Matlab vs C++ Double Precision

Question

I am porting some code from Matlab to C++.

In Matlab

format long
D = 0.689655172413793 (this is 1.0 / 1.45)
E = 2600 / D
// I get E          


        

Answer 1

If I understand what you are trying to achieve, using ceil function might help:

ans = ceil(ans); /* smallest integral value that is not less than ans. */
// now ans in C++ is also be 3970.

Here is usage reference.

Answer 2

You got confused by the different ways C++ and MATLAB are printing double values. MATLAB's format long only prints 15 significant digits while C++ prints 17 significant digits. Internally both use the same numbers: IEEE 754 64 bit floating point numbers. To reproduce the C++-behaviour in MATLAB, I defined a anonymous function disp17 which prints numbers with 17 significant digits:

>> disp17=@(x)(disp(num2str(x,17)))

disp17 = 

    @(x)(disp(num2str(x,17)))

>> 1.0 / 1.45

ans =

   0.689655172413793

>> disp17(1.0 / 1.45)
0.68965517241379315

You see the result in MATLAB and C++ is the same, they just print a different number of digits.

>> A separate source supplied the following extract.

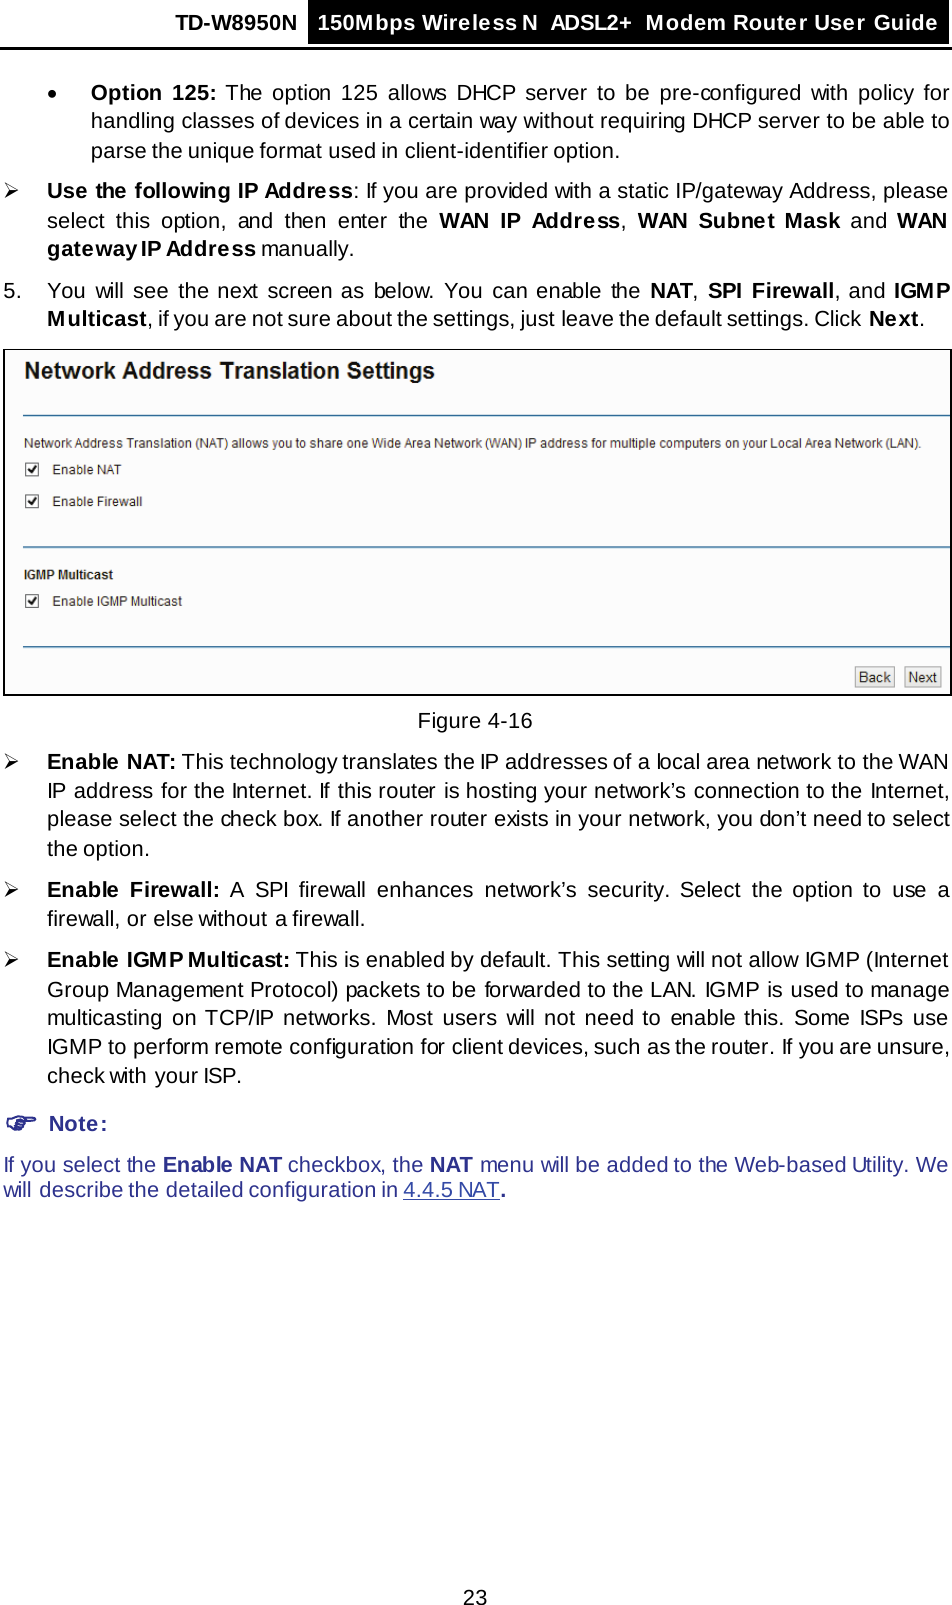 TD-W8950N 150Mbps Wireless N  ADSL2+ Modem Router User Guide  23 • Option 125: The option 125 allows DHCP server to be pre-configured with policy for handling classes of devices in a certain way without requiring DHCP server to be able to parse the unique format used in client-identifier option.   Use the following IP Address: If you are provided with a static IP/gateway Address, please select  this option,  and  then enter the WAN IP Address,  WAN Subnet Mask and  WAN gateway IP Address manually. 5.  You will see the next screen as below. You can enable the NAT,  SPI  Firewall,  and IGM P Multicast, if you are not sure about the settings, just leave the default settings. Click Next.  Figure 4-16  Enable NAT: This technology translates the IP addresses of a local area network to the WAN IP address for the Internet. If this router is hosting your network’s connection to the Internet, please select the check box. If another router exists in your network, you don’t need to select the option.  Enable Firewall:  A  SPI  firewall enhances network’s security.  Select the option to use a firewall, or else without a firewall.  Enable IGMP Multicast: This is enabled by default. This setting will not allow IGMP (Internet Group Management Protocol) packets to be forwarded to the LAN. IGMP is used to manage multicasting on TCP/IP networks. Most users will not need to enable this. Some ISPs use IGMP to perform remote configuration for client devices, such as the router. If you are unsure, check with your ISP.  Note: If you select the Enable NAT checkbox, the NAT menu will be added to the Web-based Utility. We will describe the detailed configuration in 4.4.5 NAT.

If you now continue in both programming languages with the same constant, you get the same result.

>> D = 0.68965517241379315 %17 digits, enough to represent a double.

D =

   0.689655172413793

>> ans = 2600 / D %Result looks wrong

ans =

     3.770000000000000e+03

>> disp17(2600 / D) %But displaying 17 digits it is the same.
3769.9999999999995

The background for printing 17 or 15 digits:

• A double requires 17 significant digits to be stored without precision loss, which is what C prints.
• For up to 15 digits any number can be converted from string to double to string and results back in the original number, which is what MATLAB does.